▶ Requirement:
Repeat the data that follows exactly, starting at the line with "Seitenansicht der erwachsenen" and ending at the line with "Paestum-Velia: Notte europea", and leave out every picture.

▶ Dataset extract:
□ □ □ □
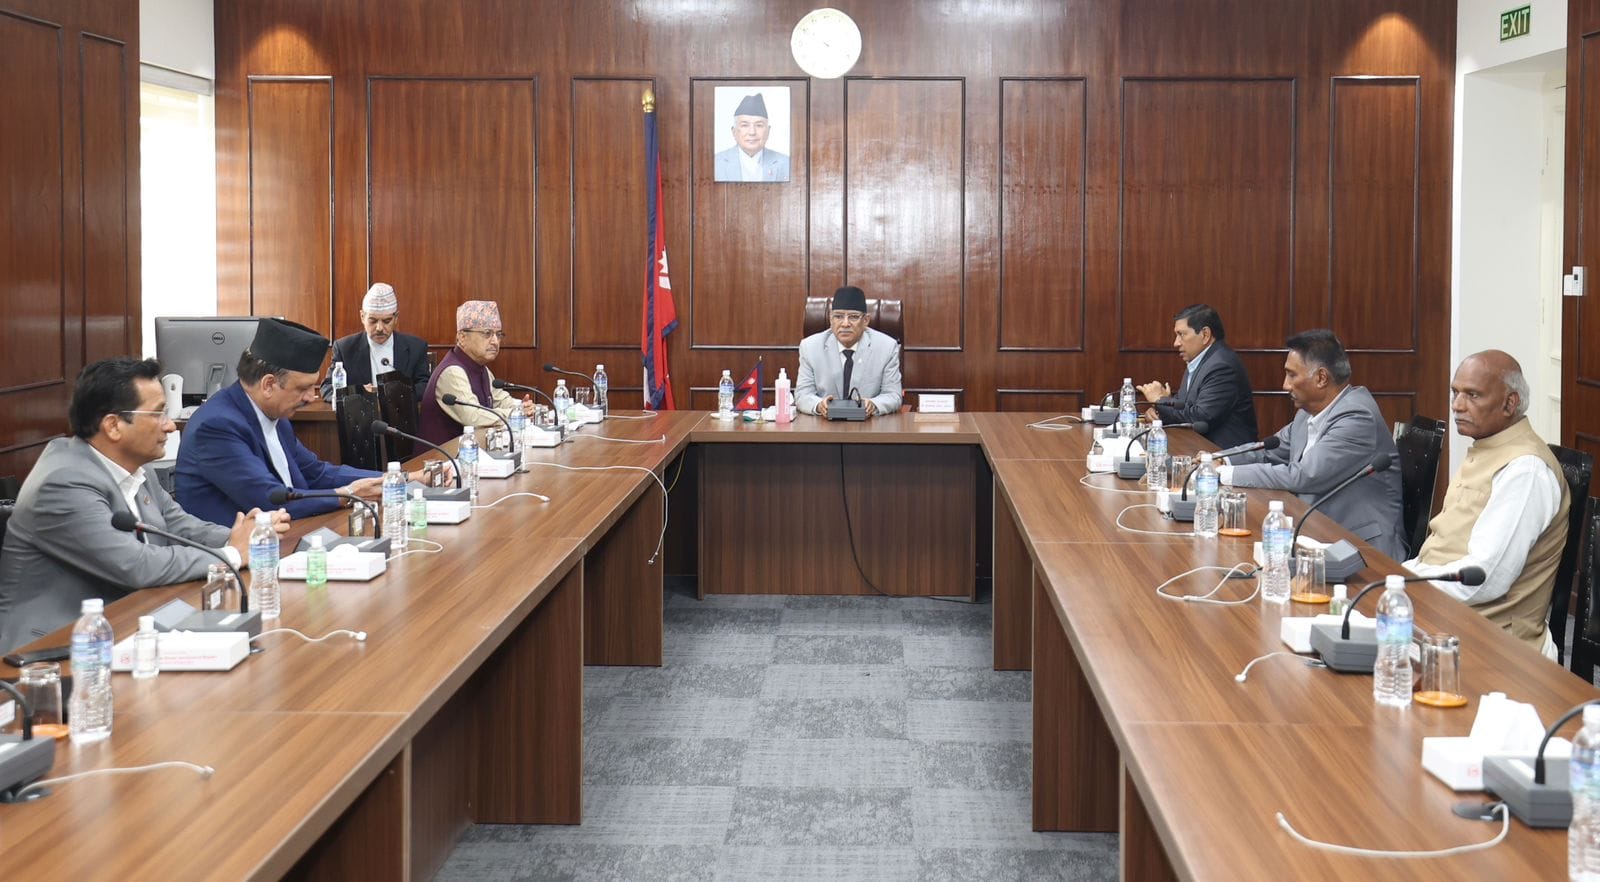 सुवास नेम्वाङको अन्त्येष्टिका दिन सार्वजनिक बिदा दिने मन्त्रिपरिषद बैठकको निर्णय
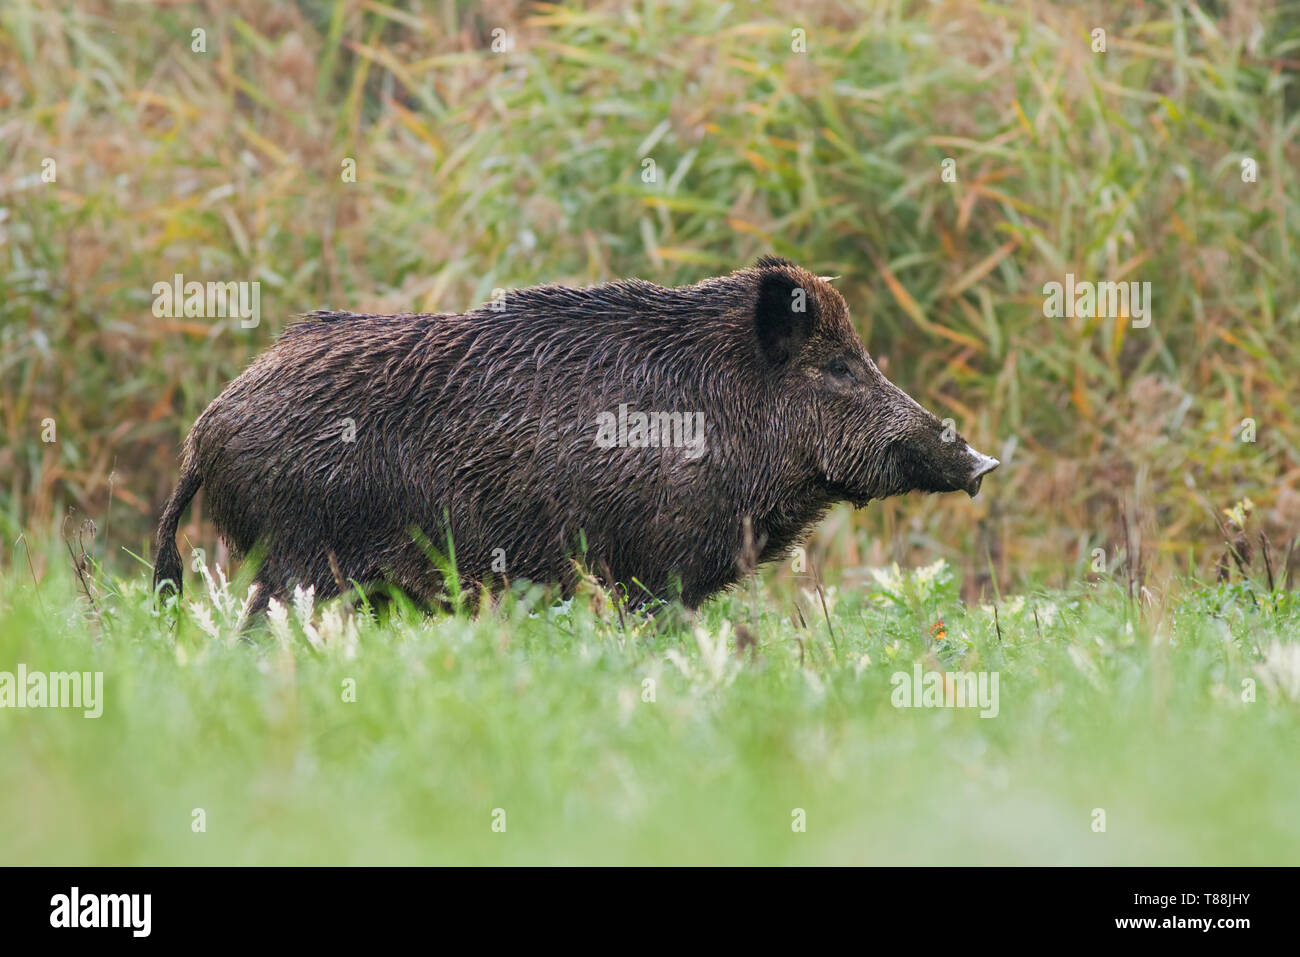 Seitenansicht der erwachsenen Wildschwein, sus scrofa, stehend auf einer Wiese im grünen Gras im Sommer mit unscharfem Hintergrund. Low Angle View des wilden Tieres in der Natu Stockfoto
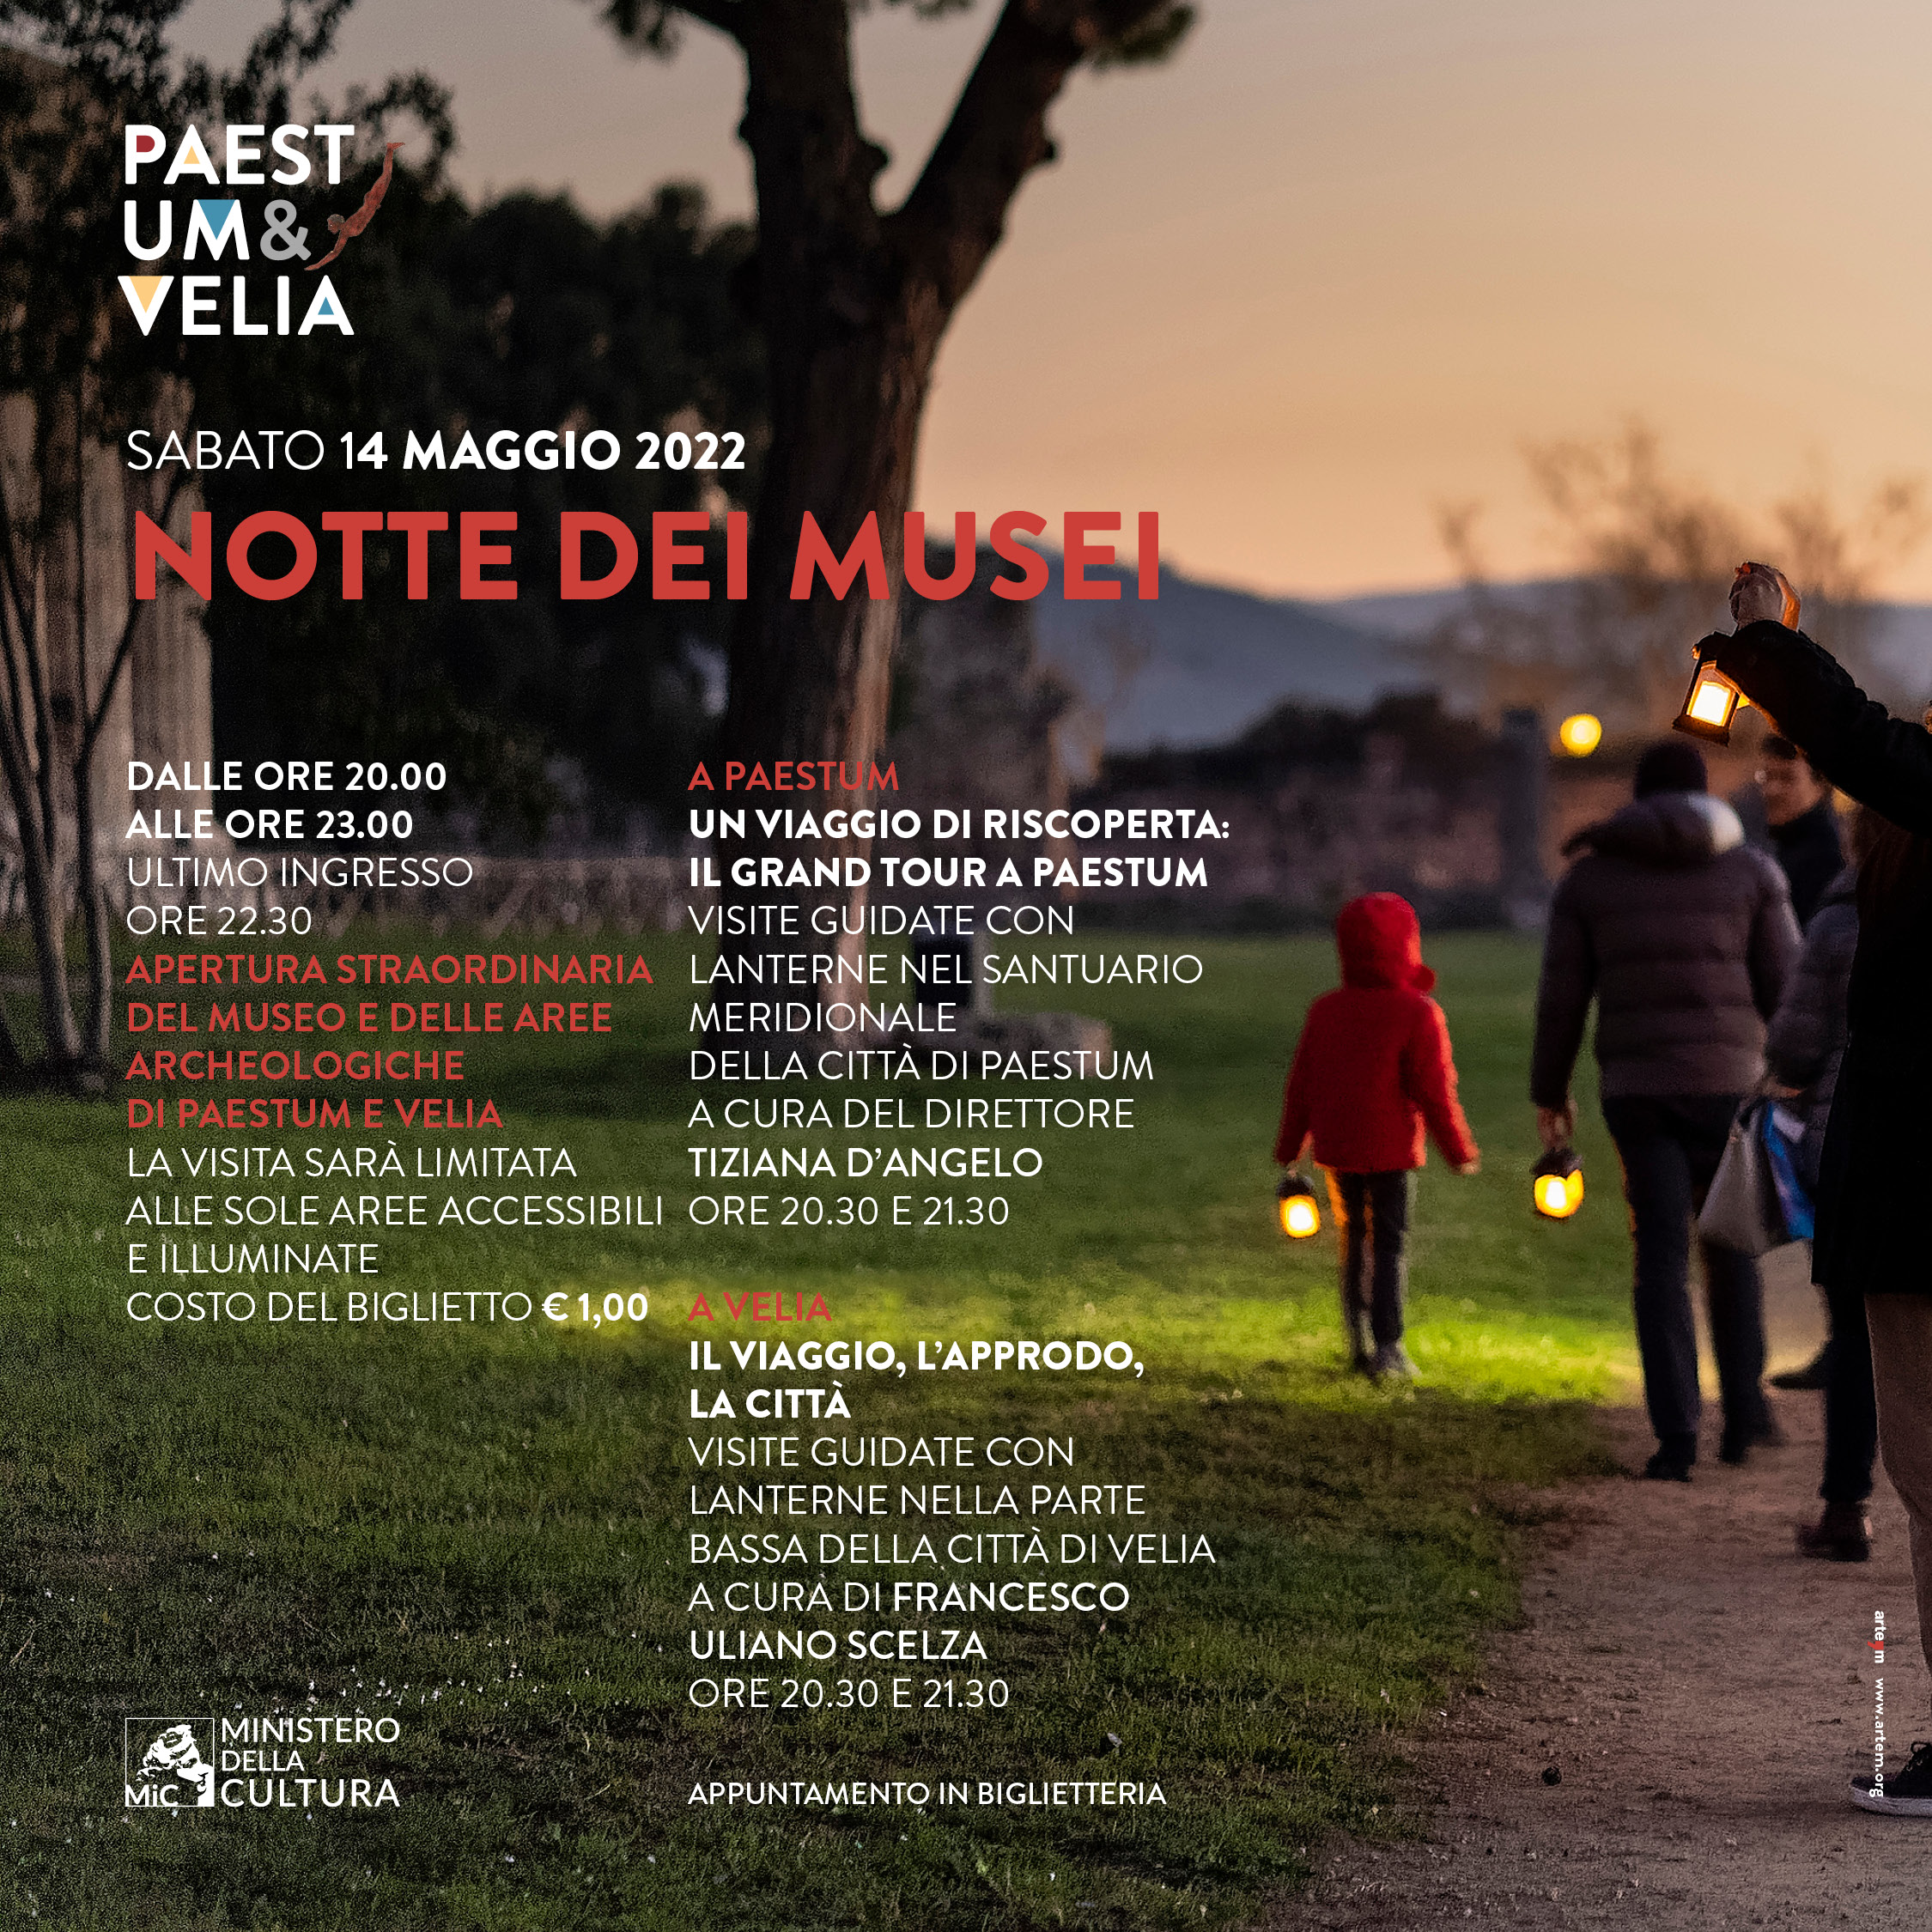 Paestum-Velia: Notte europea dei Musei,  visite guidate con lanterne
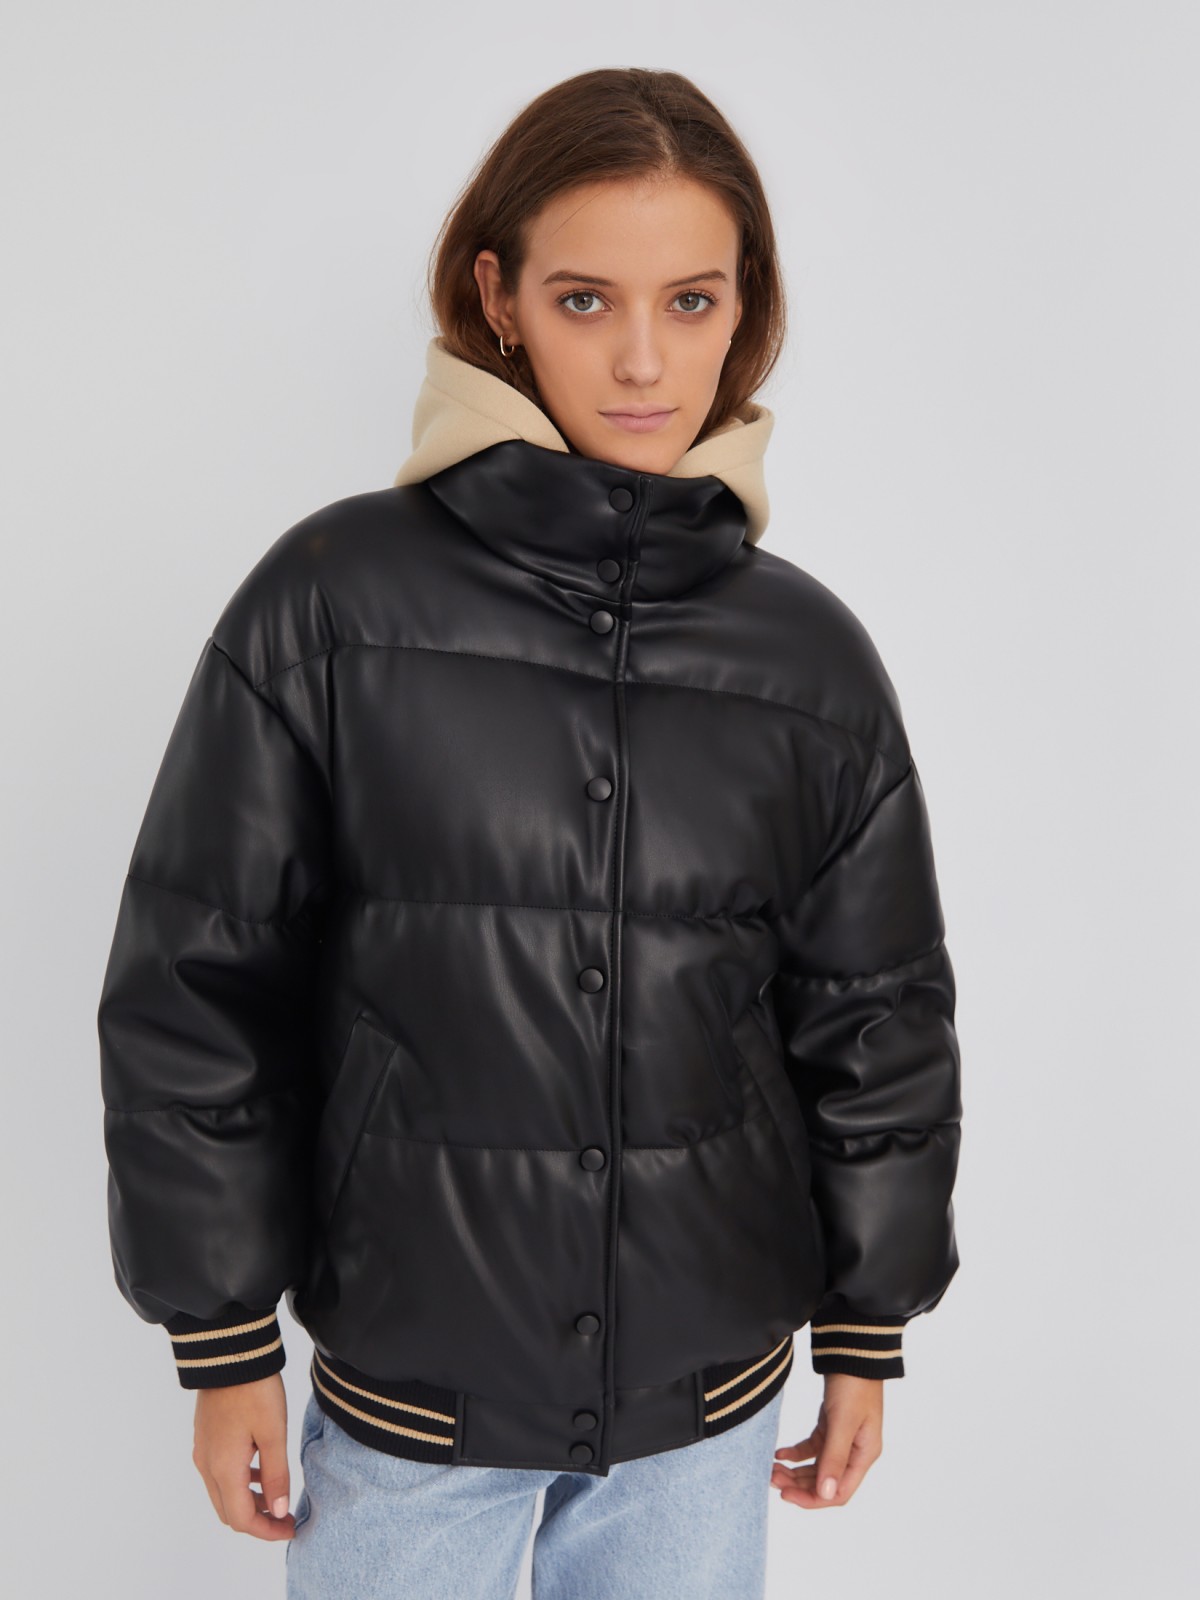 Тёплая куртка-бомбер из экокожи с воротником-стойкой и съёмным трикотажным капюшоном zolla 02334510L194, цвет черный, размер XS - фото 3
□ □ □ □
▶ Task solution:
 Seitenansicht der erwachsenen Wildschwein, sus scrofa, stehend auf einer Wiese im grünen Gras im Sommer mit unscharfem Hintergrund. Low Angle View des wilden Tieres in der Natu Stockfoto
 Paestum-Velia: Notte europea dei Musei,  visite guidate con lanterne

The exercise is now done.